Another view of this fragmentation is provided by Figure 3. In this composition plot, the share of all blocks that are interior to the cluster—those that only touch other blocks in the same cluster—is represented by the gray area. The blue fraction shows blocks that are touching their NBFC. These are blocks where the “second-best choice” assignment is feasible, since the block could be re-classified to its second-best choice and not affect the spatial fragmentation in the map. Finally, the red area denotes the share of blocks that are on the boundary of their own cluster, but are not near any member of their NBFC. These are the blocks where a “second-best choice” assignment would affect territorial integrity. In addition to the shares from latent/discovered neighborhoods, we show “empirical” fractions of the same quantities: census blocks in Zillow neighborhoods that touch a neighborhood that is next-most demographically similar to the block itself, or that are on the boundary of a neighborhood but do not touch a neighborhood that is next-most demographically similar. These are shown by the horizontal dashes crossing the right vertical axis of each facet in Figure 3.

Interpreting Figure 3, we can understand a few things. First, as is mathematically necessary, the share of interior blocks declines as the number of clusters increases. Second, despite this increasing fragmentation, the number of blocks that touch their NBFC is relatively stable as the number of clusters increases. This occurs quickly for the spatial agglomerative clusters, but both are remarkably stable at around k = 20. Third, we see that groups defined without spatial information (k-means) tend to be much more fragmented than either the empirical neighborhoods or the clusters discovered using the explicit spatial clustering technique. The fraction of blocks that is interior to a cluster is consistently smaller in the aspatial k-means map, and clusters are much more dramatically interspersed. The most spatially coherent solution seen in the k-means clustering solutions (that with the smallest k) is still more fragmented than the most fragmented spatial agglomerative clustering solution (that with the largest k). Finally, the empirically observed breakdowns are quite low; given that only 7% of the 7729 blocks with non-zero population sit on the boundary between two Zillow neighborhoods, only 11% of these boundary blocks (approximately 0.08% overall) are themselves near their NBFCs. Thus, the level of spatial cohesion in the Zillow neighborhoods is much higher than even those detected using the spatially explicit clustering method.

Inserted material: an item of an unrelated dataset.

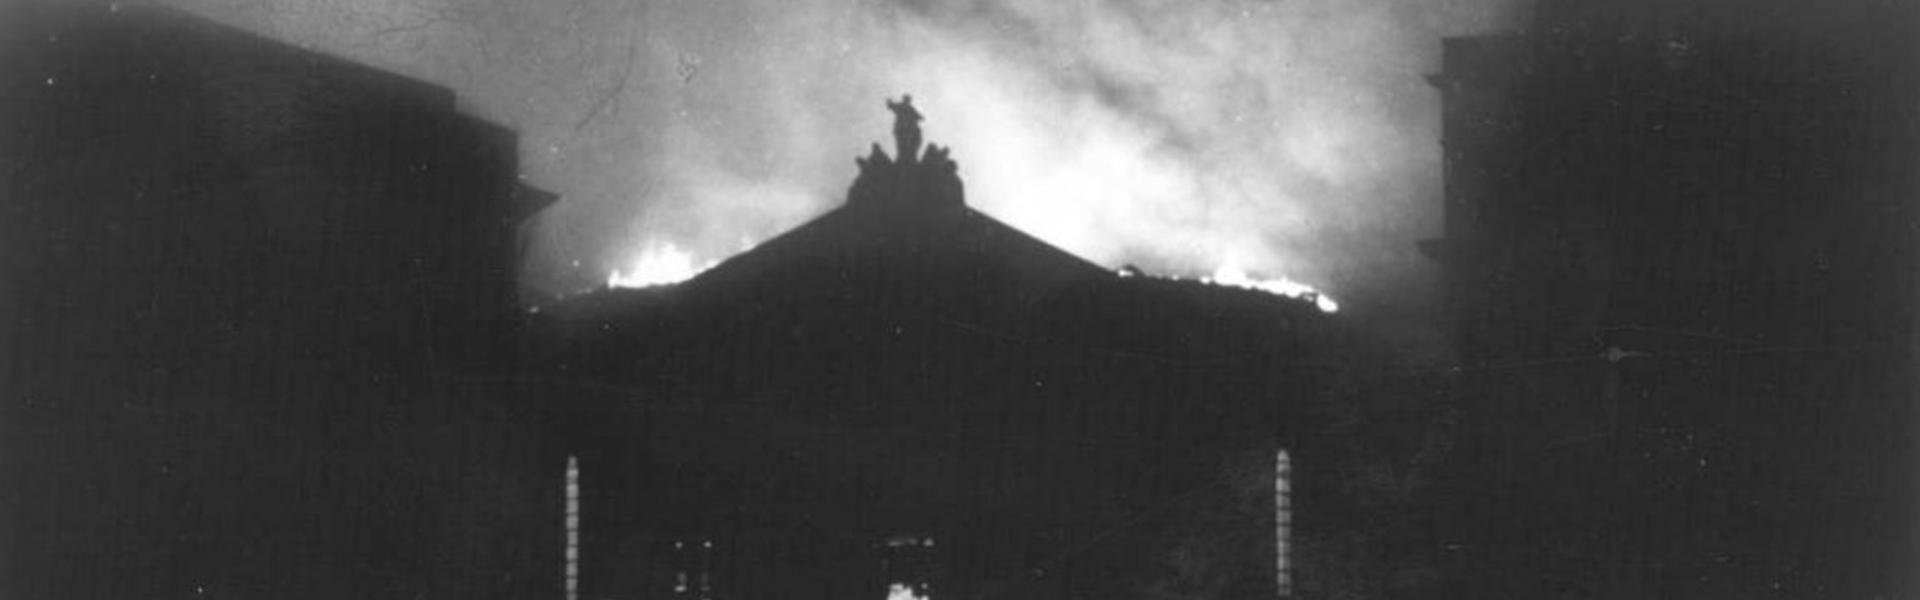 1./2. März 1943

Silhouette scores are not spatial
Focusing on the empirical case, the interplay between these NBFCs and the silhouette scores is shown in Figure 4. Note that the preponderance of silhouette scores is negative for real-world neighborhoods. This means that, in terms of their racial composition, census blocks are nearly always more similar to a different neighborhood than they are to the neighborhood in which they reside. Together, this suggests that silhouette scores will always favor more socially homogeneous neighborhoods, without regard for spatial feasibility or geographical plausibility. Neighborhoods (empirical or embedded within the data) are more diverse than these optimal socially homogeneous partitions that the silhouette refers to. Indeed, any realistic urban place geography will be considered less “well-fit” by the silhouette score, since attribute coherence and geographic coherence are usually opposing objectives. By the same logic, any spatially informed clustering method must also be less “well-fit.” Any non-geographical measure of cluster fit exhibits this same property, as noted by Shelton and Poorthuis (2019).

Silhouettes and next-best-fit clusters for US Census blocks within Zillow neighborhoods in Brooklyn, NY.

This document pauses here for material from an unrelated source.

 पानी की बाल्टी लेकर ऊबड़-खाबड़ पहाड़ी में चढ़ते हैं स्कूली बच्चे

Indeed, neighborhood social homogeneity should not be regarded as a necessarily intrinsically desirable normative objective when conducting place detection. Social scientists have long argued that diverse and socially integrated neighborhoods provide benefits to residents when they are able to foster meaningful social exchanges (Chaskin and Joseph, 2013; Joseph et al., 2007; Talen and Koschinsky, 2014; Tolsma and van der Meer, 2018). Further, there is evidence that neighborhood diversity in the USA is increasing, carrying important benefits for residents: methods that distill neighborhoods according to maximum demographic homogeneity may be overlooking important aspects of the ways that neighborhoods are experienced by their residents (Logan, 2013). As trends towards diversification continue, there is also recent evidence that neighborhood boundaries are perceived differently among residents from different social backgrounds (Hwang, 2016), too. Together, this suggests that neighborhood definitions are tenuous, occasionally contested, and may be defined by attribute homogeneity, resident perception, or physical demarcation—and each of these definitions has unique value in different research contexts.

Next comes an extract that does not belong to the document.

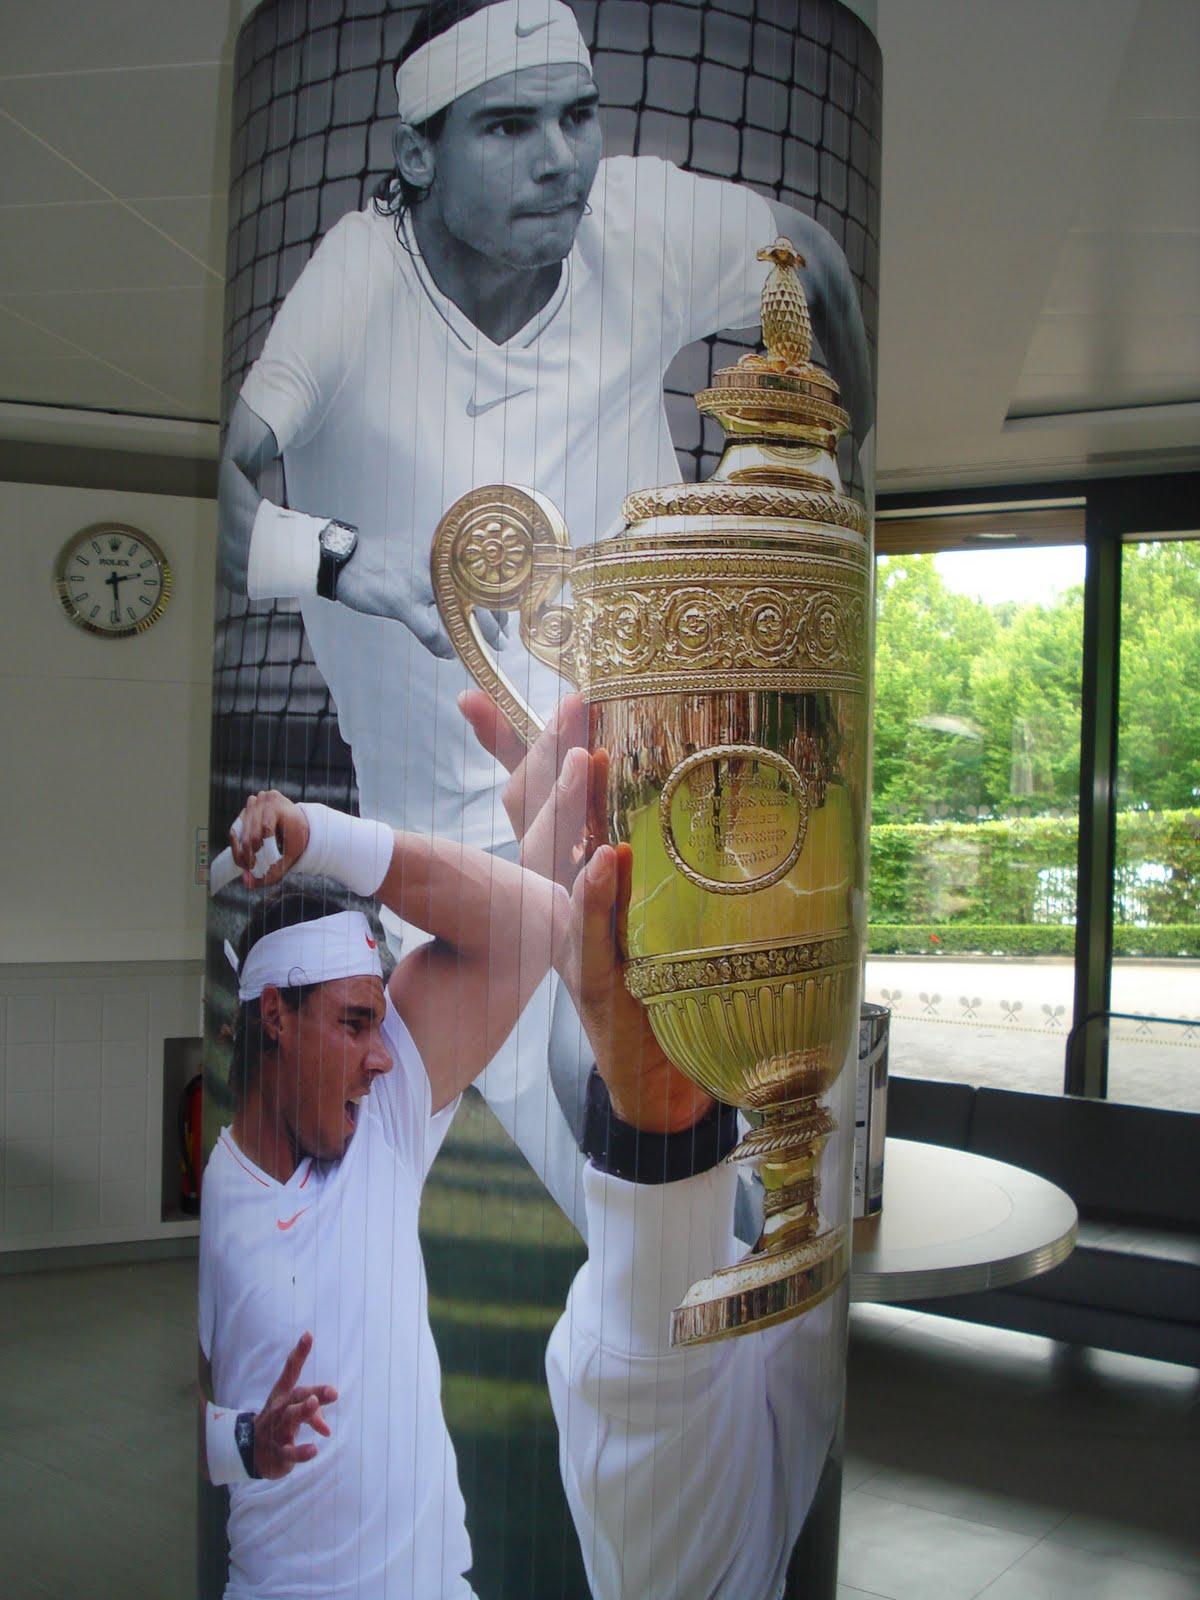 http://1.bp.blogspot.com/-uA4LVX91-o4/ThDQgszHHpI/AAAAAAAAAoE/6TMKhSE4MKc/s1600/Wimbledon%2Btour%2B057.JPG

Geosilhouettes: Measures of spatial cluster similarity
While silhouette scores are particularly useful for identifying spatial configurations of attribute homogeneity (such as racial and ethnic enclaves), the point we raise here is that other definitions are important and useful for other research questions; building explicitly geographic measures of fit is necessary to improve the validity of geographical work on urban regions. Therefore, contra Shelton and Poorthuis (2019), it is not the designation of a goodness of fit criterion itself that harms the construct validity of detected places; it is the inflexibility, simplicity, and arbitrariness of these criteria that makes detected regions uninteresting or unhelpful. For more interesting and helpful computational geographies, it is necessary to improve, develop, and strengthen the conceptualization and operationalization of these measures of best fit.
In short, we need better geographical measures of cluster fit. They should characterize the local attribute coherence in a way that respects or controls for spatial coherence. While others may examine Figure 2 and observe simple or straightforward fragmentation in shape (e.g. McGarigal et al., 2002), we instead take inspiration from Jacquez et al. (2008): geographical cluster fit is determined by boundaries and the social similarity of nearby observations. Fortunately, the silhouette score provides a conceptually elegant structure for this. Below, we derive two geosilhouette specifications. One, the so-called path silhouette, focuses on joint attribute-spatial affinity through the use of so-called dissimilarity paths. The other, the boundary silhouette, restricts the set of each observation’s NBFCs to only those clusters that are nearby. That is, the boundary silhouette constrains the NBFC to be a feasible cluster reassignment (Duque et al., 2011). These two methods will be derived and discussed for the three styles of clustering analyses of neighborhoods and Brooklyn census blocks. 4
Path silhouettes
One way to make the silhouette score geographically aware is to account for the fact that objects that are closer should be rated as more similar to one another in a joint geographical–social silhouette score. Thus, let us use a dissimilarity path to model the dissimilarity between two observations, i and j, as a function of the total social dissimilarity between observations along the path connecting them. This recognizes that for i and j to be in the same geographically contiguous cluster c, they must be connected by a set of observations also in c. Thus, a “path” silhouette is a silhouette score computed using the length of dissimilarity paths from i to j as the distance metric.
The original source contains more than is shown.